The distinction between shifts in the old-age-dependency ratio and the entire age distribution also matters for the projections until 2050. Note that these projections, which rely on the mid-range variant (G2L2W2) of the population projection from the German Federal Statistical Office, should not be interpreted as actual forecasts, because there are many reasons to believe that the age structure-real estate price relationship is not constant over time (e.g., due to shifts in the effective retirement age, health status of the elderly population etc.). The projections, however, will allow us to contrast the magnitude of the predicted effect for the past (2008–2020) with the future (2020–2050). Not surprisingly, looking at the old-age-dependency ratio, which is projected to increase substantially, the negative demographic effect on real estate prices will intensify in the future. Looking at shifts in the entire age distribution, the picture is more nuanced. While the predicted demographic effect on apartments sales and rents is much smaller than in the old-age-dependency projection, the effect remains substantial. The predicted decline in house prices by 6.3% over a 30-year period, however, is very modest. Nonetheless, all projections suggest that the demographic downward pressure on German real estate prices will persist, and at some time even point to an accelerated demographic headwind.

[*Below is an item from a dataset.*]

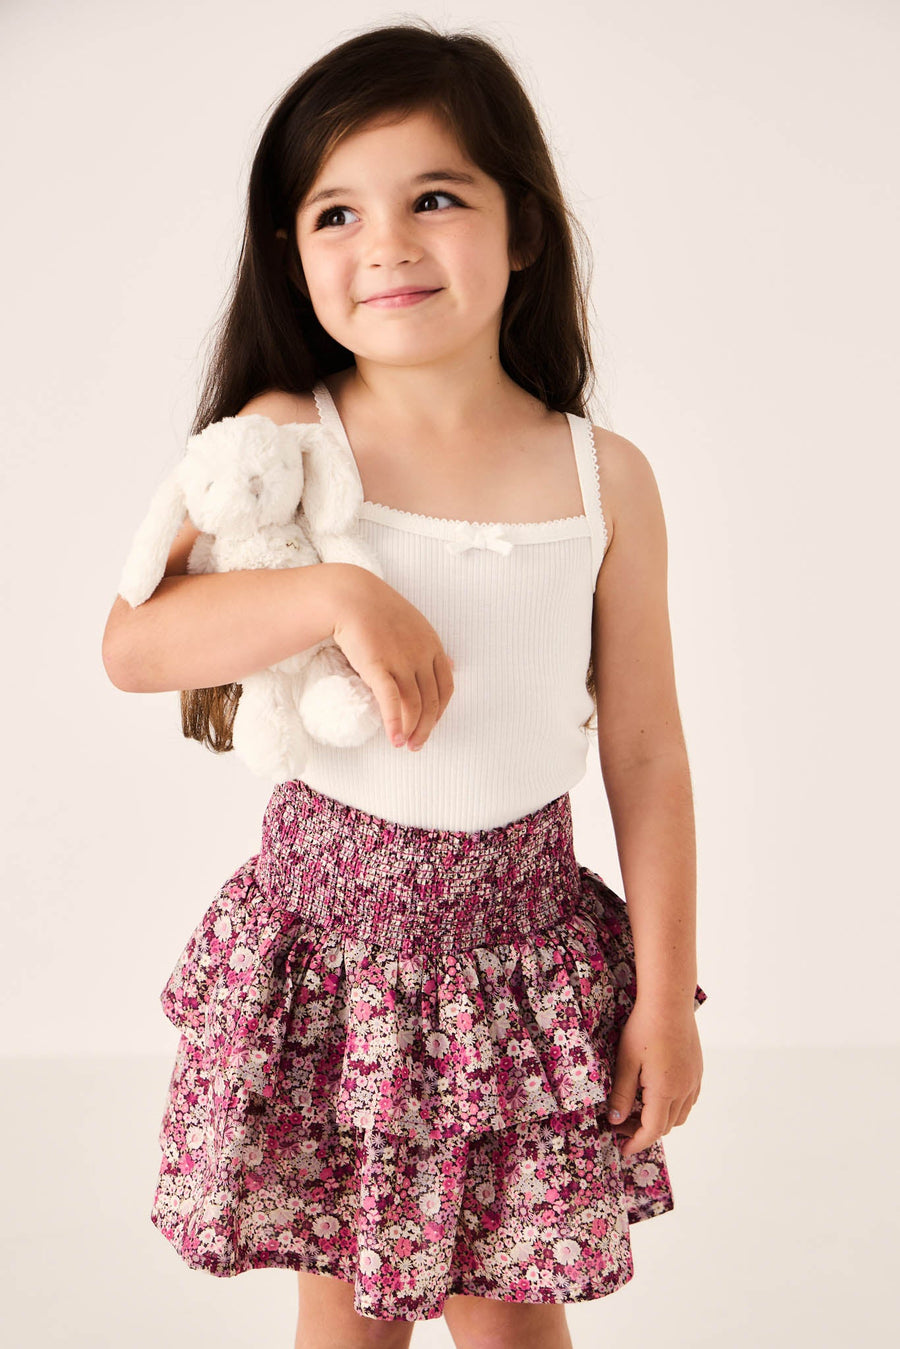 Organic Cotton Samantha Skirt - Garden Print Childrens Skirt from Jamie Kay USA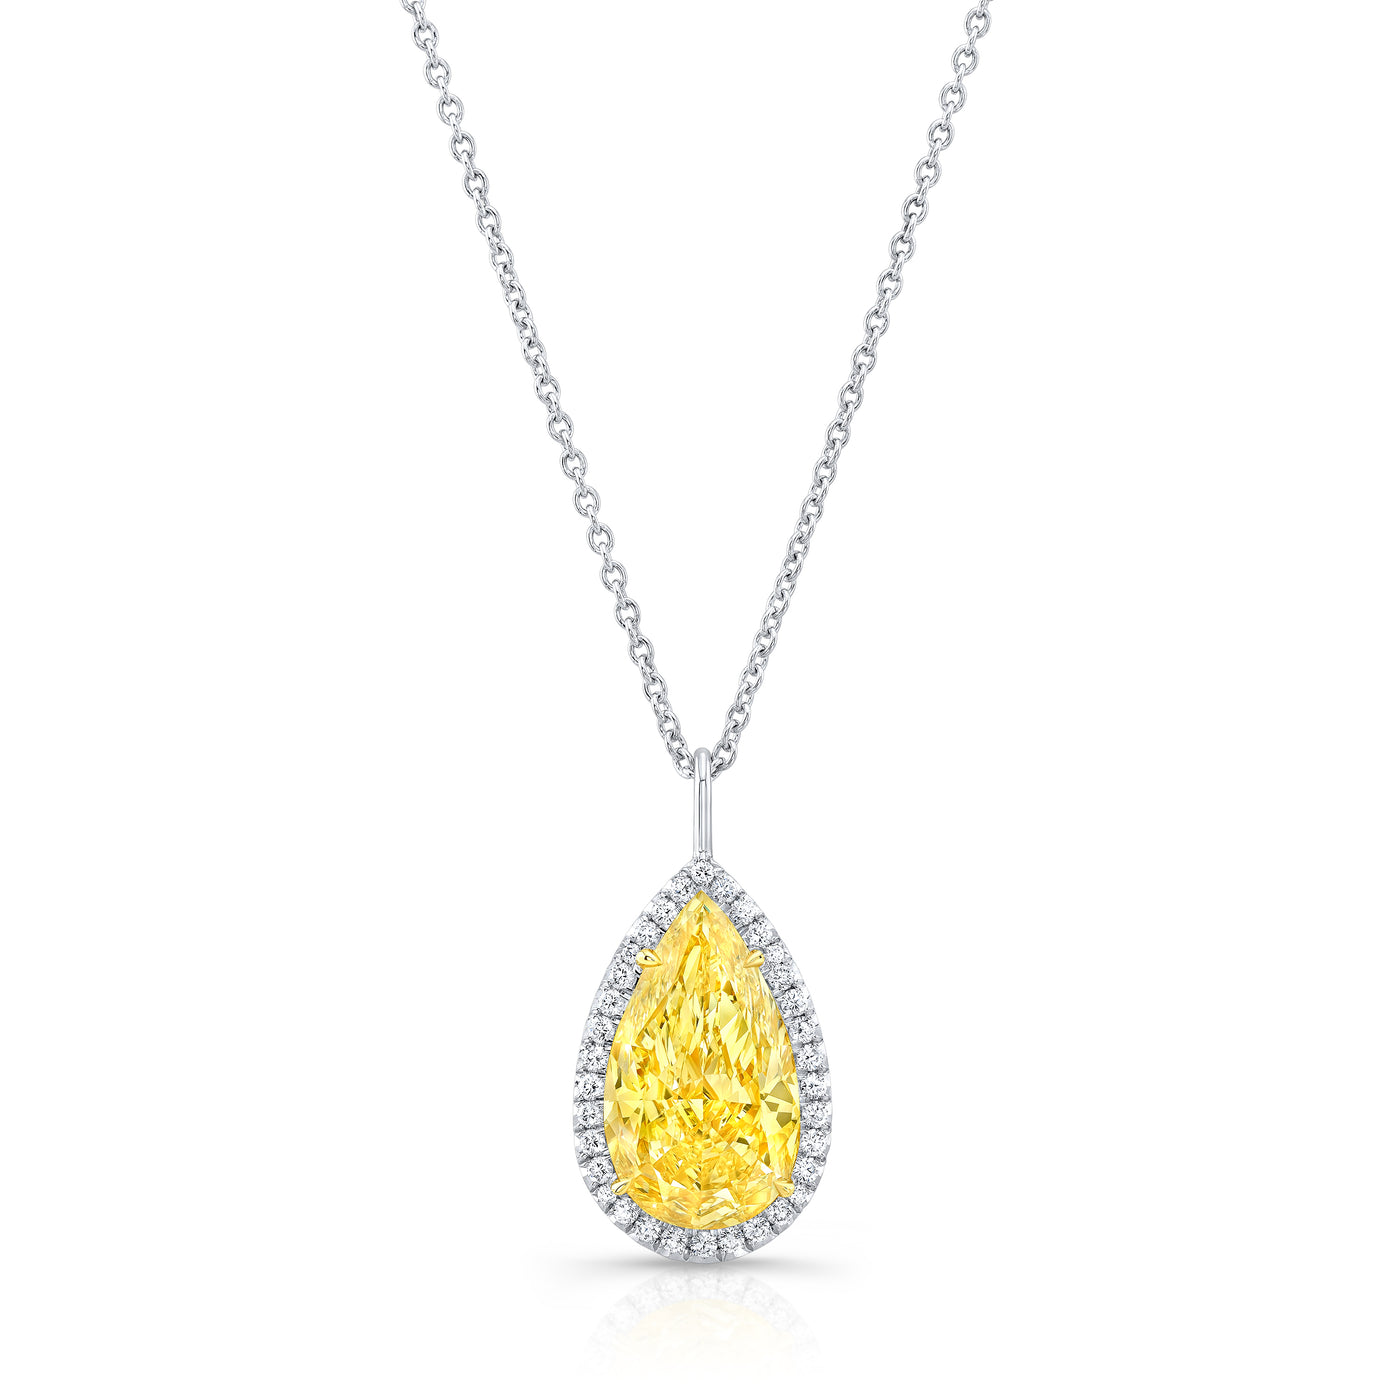 Pear Shaped Fancy Yellow Diamond Pendant on Chain

Table 6 also reveals the considerable regional heterogeneity in predicted real estate price changes. The change in the old-age-dependency ratio varying between −6.4 (P1) to +14.1 (P99) percentage points during our sample period, implies a predicted price range of +11.6–25.7%. We expect that population aging will remain uneven across municipalities which will likely exacerbate existing differences in regional price trends. Using population projections for German municipalities (RWI-GEO-GRID-POP-Forecast, Breidenbach et al. 2019), we calculate that the predicted demographic impact shows an even larger variation, ranging between 11.1–87.4%, for the period 2020 to 2050.

5 Conclusion

In this paper, we provide evidence using millions of individual real estate offers across more than 10,000 municipalities that population aging has put downward pressure on real estate prices in Germany. Our results also suggest that demographics change will remain a drag on real estate prices in the future. We expect the uneven pace of population aging across municipalities to continue, which will exacerbate differences in regional price trends. In contrast to the previous decade, however, factors that have previously overcompensated the demographic headwind such as low interest rates and robust economic growth, are likely to provide less support in Germany over the coming decades. Thus, the rapid growth in real estate prices of the past years might come to end soon.